Lab Report 3 - Week 5

find

Option: -size

  • Description - Find all files that matches the given file size criteria

Example 1

find -size 10M

Part 1 Example 1

This command searches for all files in the current directory and their children directories to see if any file has the size of exactly 10 megabytes. Since the current folder has no file that has the size of exactly 10 megabytes, this command will output nothing.

This command is useful because sometimes we watch to filter out files that have a certain size, and with this command we can specify a size so we can look over files more efficiently.

Example 2

find ./technical -size +500 -size -10M

Part 1 Example 2

This command searches for all files in the current directory and their children directories to see if any files have a size between 500 kilobytes and 10 megabytes. There are 5 files that match such condition hence the paths of these files are the output.

This command is useful because sometimes we watch to filter out files that have a size within a certain range, and with this command we can specify a size so we can look over files more efficiently.

Example 3

find ./technical -size -10M

Part 1 Example 3

PS: The output is too long that bash screen cannot fit in

This command searches for all files in the current directory and their children directories to see if any files have a size under 10 megabytes. It looks like all files in here have size of less than 10 megabytes hence their paths are the output.

This command is useful because sometimes we watch to filter out files that have a size that is less than a certain threshold, and with this command we can specify a size so we can look over files more efficiently.

Option: -mtime

This option searches for the files that match the criteria regarding the file’s modification time.

Example 1:

find -mtime -3

Part 2 Example 1

This command searches for all files in the current directory and their children directories to see if any file has modified time of 3 days ago or more recent. Since I IDE added these files 2 days ago when I opened it while I cloned this entire project 4 days ago, only these files created by my IDE are returned as output.

This command is useful because we sometimes want to find files we have been recently edited, which can help us navigate to a certain set of files more effectively.

Example 2:

find -mtime +1 -mtime -5

Part 2 Example 2

This command searches for all files in the current directory and their children directories to see if any file has modified time of between 1 day and 5 days. Since I cloned this project 4 days ago, all the project files are matching this criteria therefore it’s returning all files as output (even including .git files, wow!)

This command is useful because we sometimes want to find files that have a modified time within a certain range, which can help us navigate to a certain set of files more effectively.

Example 3:

find -mtime +100

Part 2 Example 3

This command searches for all files in the current directory and their children directories to see if any file has modified time of 100 days ago or older, since none of the files match this criteria, nothing is returned as output.

This command is useful because we sometimes want to find files that have a modified time that is older than a certain value, which can help us navigate to an older set of files more effectively.

Option: -iname

This option searches for the files that match the criteria regarding the file’s names, it matches the names case insensitively.

Example 1:

find -iname "*cHaPtEr*.txt"

Part 3 Example 1

This command searches for all files in the current directory and their children directories to see if any file has name that contains “chapter” case insensitively.
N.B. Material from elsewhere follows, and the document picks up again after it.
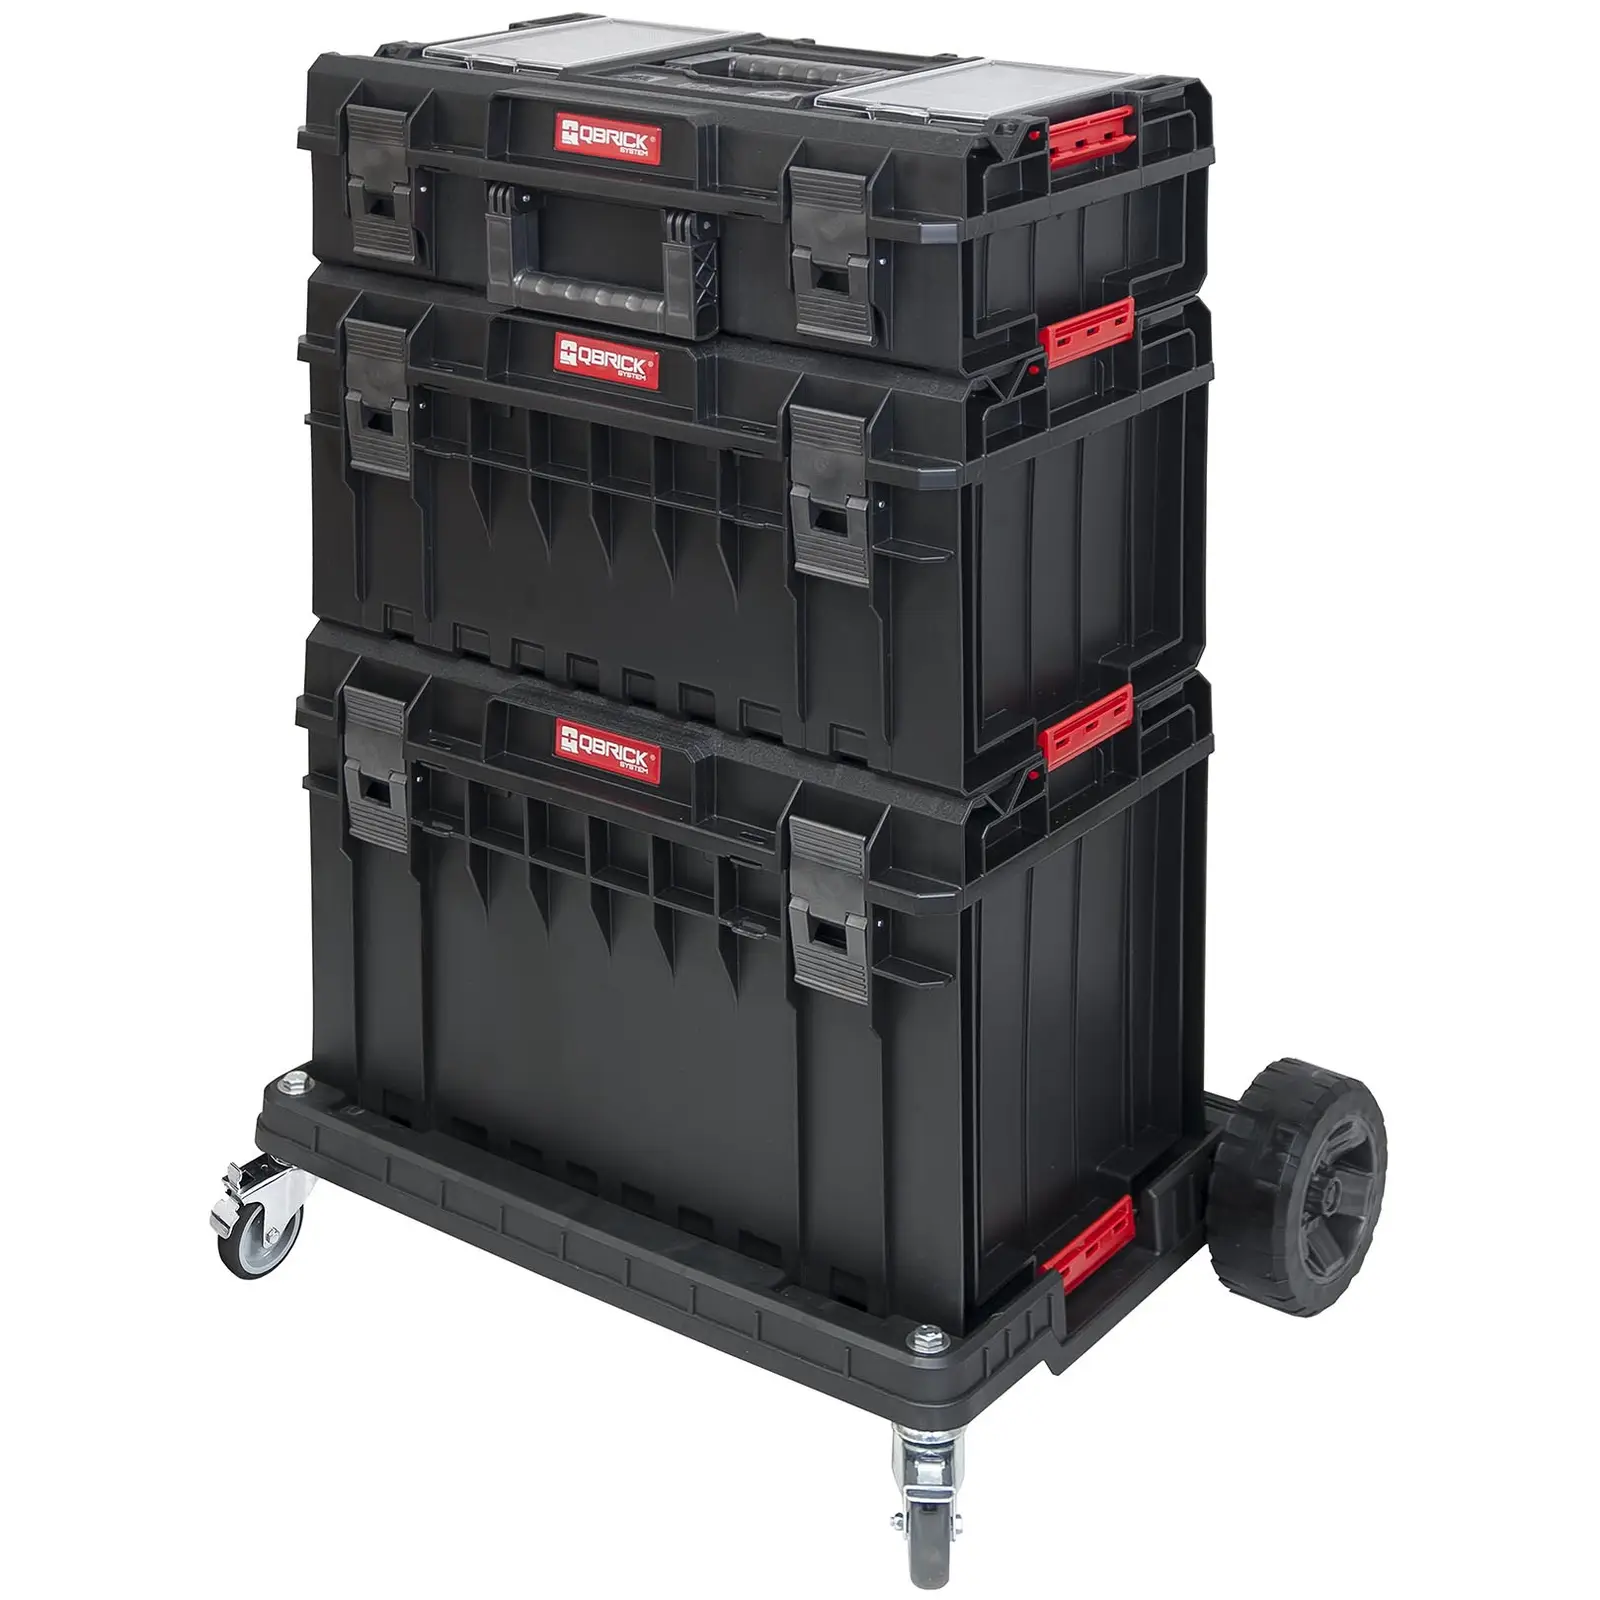 Mobilní kufr na nářadí – System One Profi – 3 kufry – 1 přepravní vozík - Kufry a boxy na nářadí Qbrick System

Since only files in 911report folder have names that contain “chapter”, these files are turned as output.

This command is useful because sometimes we don’t know the files’ name cases, only “roughly what they spell like”. With case-insensitive searching we can search these files more effectively.

Example 2:

find -iname "*213x*.txt"

Part 3 Example 2

This command searches for all files in the current directory and their children directories to see if any file has name that contains “213x” case insensitively. Since there are files in biomed folder that have names like 213X they will match the criteria because of the case insensitivity.

This command is useful because sometimes we don’t know the files’ name cases, only “roughly what they spell like”. With case-insensitive searching and wildcard matching we can search these files more effectively by searching for files that have names which contain such pattern case insensitively.

Example 3:

find -iname "*1*"

Part 3 Example 3

This command searches for all files in the current directory and their children directories to see if any file has name that contains “1” case insensitively (and including file extensions!). This is effectively same as without -iname option because case does not matter when it comes to numbers only. If you use this command in this case, without -iname tag, it’ll return the exactly same result.

This command is useful because sometimes we don’t know the files’ name cases, only “roughly what they spell like” and we sometimes can even forget about these files’ extensions. With case-insensitive searching and wildcard matching we can search these files more effectively by searching for files that have names which contain such pattern case insensitively, regardless of extension.